I've had dentures for 10 years, I have 8 employees that have dentures and only one of them wear their dentures when we're working, their choice.

My personal opinion having or not having teeth has nothing to do with how skilled a person is.

But, I understand what you're saying so no pun intended.


----------



## eaglewrangler (Jun 15, 2011)

The toothless reference was purely about Meth, not the dentally challenged, former ufc fighters or hockey players, or other reasons for dental issues. 
My crew is all former jocks to some degree, one played in college on a sports scholarship. It is a theme I would prefer to less noble conversations.


----------



## rance (Sep 30, 2009)

PM sent to you eaglewrangler.

Hey look, an up and coming carpenter:


----------



## pierce85 (May 21, 2011)

Gee Whiz, a complete mystery to me why you can't find reliable, young talent… Clearly you need to increase the condescension because that's what people look for in an ideal employer. That and low wages. Or did you have something else in mind besides wages?


----------



## eaglewrangler (Jun 15, 2011)

The rates here are low, relative to the North. We get under bids from North Carolina crews that still work for barely minimum wage and run with no insurance. I don't set wages. Top carpenters are making around 15-18, helpers 10-12, guys running a excavator, $15, To crack $20 an hour you had to run a crew and project manage, then you might make a bonus on the over 20% profit, which was subject to much creative math, not ususally in the managers favor. This was at top builders on custom high end homes. The tract homes were built by lower payed guys. If I look back, I made about the same starting out as people do today, 20 years later. Now I never worked in Illinois. I have worked all over in my early years, and Virginia falls about average, out west was very low, the North was higher, but at the time housing costs were much more. I do know the cost of living is about three time than 20 years ago. I think gas was around a dollar, bought a house for $50,000, health insurance was $25 a month, It has all tripled at least, while wages are the same. I made $14 as a helper and $20 running a crew some 18 years ago.
If you think I need to offer more to attract in Northern guys, I can match what you get up there for the right guy. Give me a hint as to the range, if an extra couple dollar will get talented guy or gal, I will be glad to pay Illinois wages.
Anyone from Colorado, Florida or California have any insight as to what a good wage is? I would guess that they are hit still by the housing slow down. 
Anyone in their 20s have a thought on the subject?


----------



## bhog (Jan 13, 2011)

Im in my thirties,a carpenter and didnt care for your comments.Pretty ignorant.


----------



## madts (Dec 30, 2011)

Now we have to ban Teeth! I thought that politics and religion were enough.


----------



## eaglewrangler (Jun 15, 2011)

ok I give up it was a flippant comment. I don't have a pic of the guy I got rid of, but it might clear up my over generalizations. It is hard with a small business hiring and firing. I doubt his type make it to sites about carpentry. Clearly the great lakes region is the place to look. I know the truck drivers from this area help you unload in snow, were as other areas will stay in the truck in good weather.
I was more interested in learning what other people do when looking for specific help and what other areas pay for various levels of skill. 
I think I feel a cavity coming on.


----------



## bhog (Jan 13, 2011)

Eagle I know the types your referring to.They are also tapers and roofers etc.Work cheap and do crap work,uneducated ,wouldnt know how to cut a hip rafter,forget a stair stringer.
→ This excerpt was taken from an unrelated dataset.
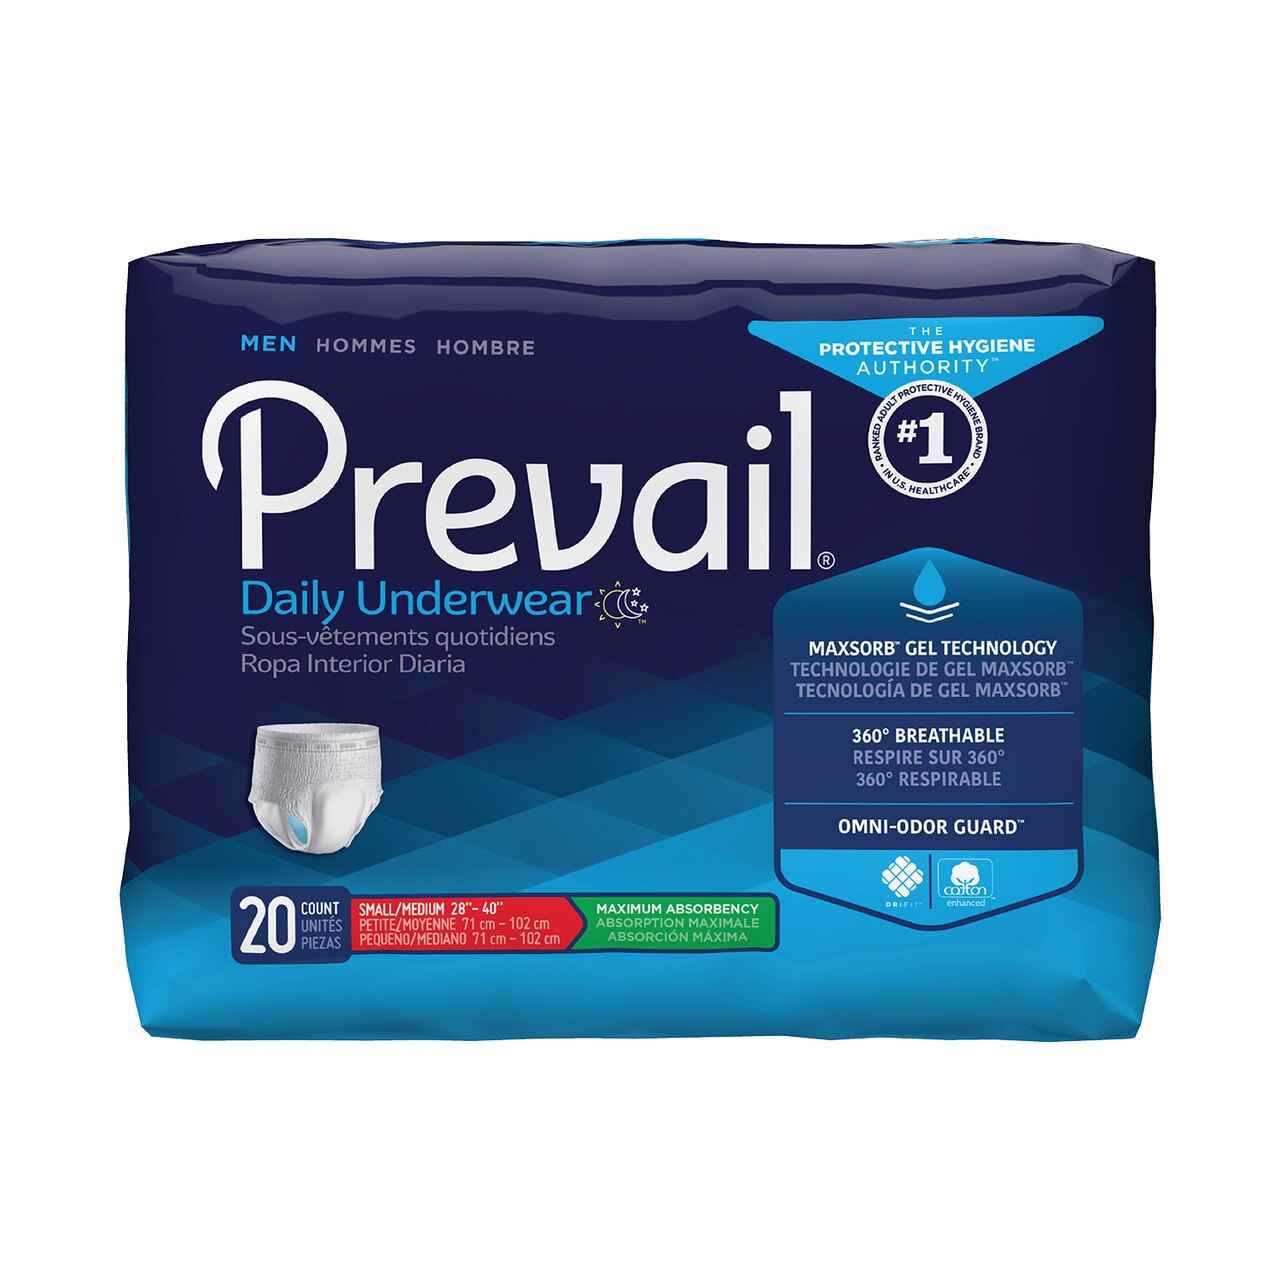 Prevail® Per-Fit® Disposable Moderate Absorbency Pull Up – STUFFS FOR  SENIORS

I can relate,good help is hard to find.Hope you find yours.


----------



## Dusty56 (Apr 20, 2008)

*I think I feel a cavity coming on.* LMAO !


----------



## fge (Sep 8, 2008)

Not sure if I can offer much to this forum. I am fairly new to the business so still learning a lot, currently I own and run Top Quality Cabinets located 30 minutes south of San Antonio in the country. We do what we love and is our passion. We do anything related to custom finish work but try to focus on custom high end kitchens. My wife and I are full time in the business and I have one full time guy who works with us. I am not going to disclose his wage with us but I will say our area seems to have lower pay scales then many other areas in the country. In reading this, it seems no woodworker from the Great Lakes area would want to work here or for us.

My friend has his shop and they are much larger then us, he tells me his crew makes between 14-18 per hour. I think his pay scale is very competative for this area.


----------



## TopamaxSurvivor (May 2, 2008)

At the turn of the 20th Century, Teddy Roosevelt said a man working 40 hours a week should be able to feed his family, buy an house, educate his children, take an occasional vacation and save for retirement. That was a radical Statement in those days. However, achieved it in the 20th Century. Now, at the turn of the 21st, that is becoming a radical statement again with most families requiring 2 incomes. That defines your problem, The really good help is going to living wage jobs. I always paid union wages and benefits. I never had very many problems with any of the guys.


----------



## kizerpea (Dec 2, 2011)

check wil the local schools..carpentry or woodworking classes…may be a star rising in there some where…


----------



## lunn (Jan 30, 2012)

Rural East Tn. here, poverty? I see it every day. So lets talk about we'll say Joe He was working at a factory been there 8 years bam no job moved to Mexico. By now he has a wife and 2 kids. buying a home So he has to find another job but all the factories are gone. Gets a job driveing nails 2/3 of what he was making. So his wife goes to work. She just clears a few bucks after she pays daycare. One day he gets a toothache so what to do? No insurance barley making ends meet. Food on the table, roof over their head, truck tore up, or a $k for a crown. $100 to get it pulled. If you were Joe what whould do?


----------



## dhazelton (Feb 11, 2012)

Someone I know used to own a cabinet shop. He and his partner took $150K salary, plus the company paid for vehicles, gas, petty cash for nice dinners out etc. He once complained that they couldn't find good help that stayed and he even had a couple of guys he had to go pickup because they had no license due to DWI and they had to have their pay garnished for child support. I asked him what he paid and it was ten an hour for starters and up to fifteen an hour for the guys who had been there a few years. Some people just don't get it.


----------



## EPJartisan (Nov 4, 2009)

You have the exact same problem I am having here in Chicago. I have been searching for decent and reliable help for 6 years now. I have had quite a few assistants ,and helpers, and hang-outers, and for some reason it never quite works out past 5-6 months. Don't listen to the guys on here who are insulting you for your frustration and word choice.. I hear you completely.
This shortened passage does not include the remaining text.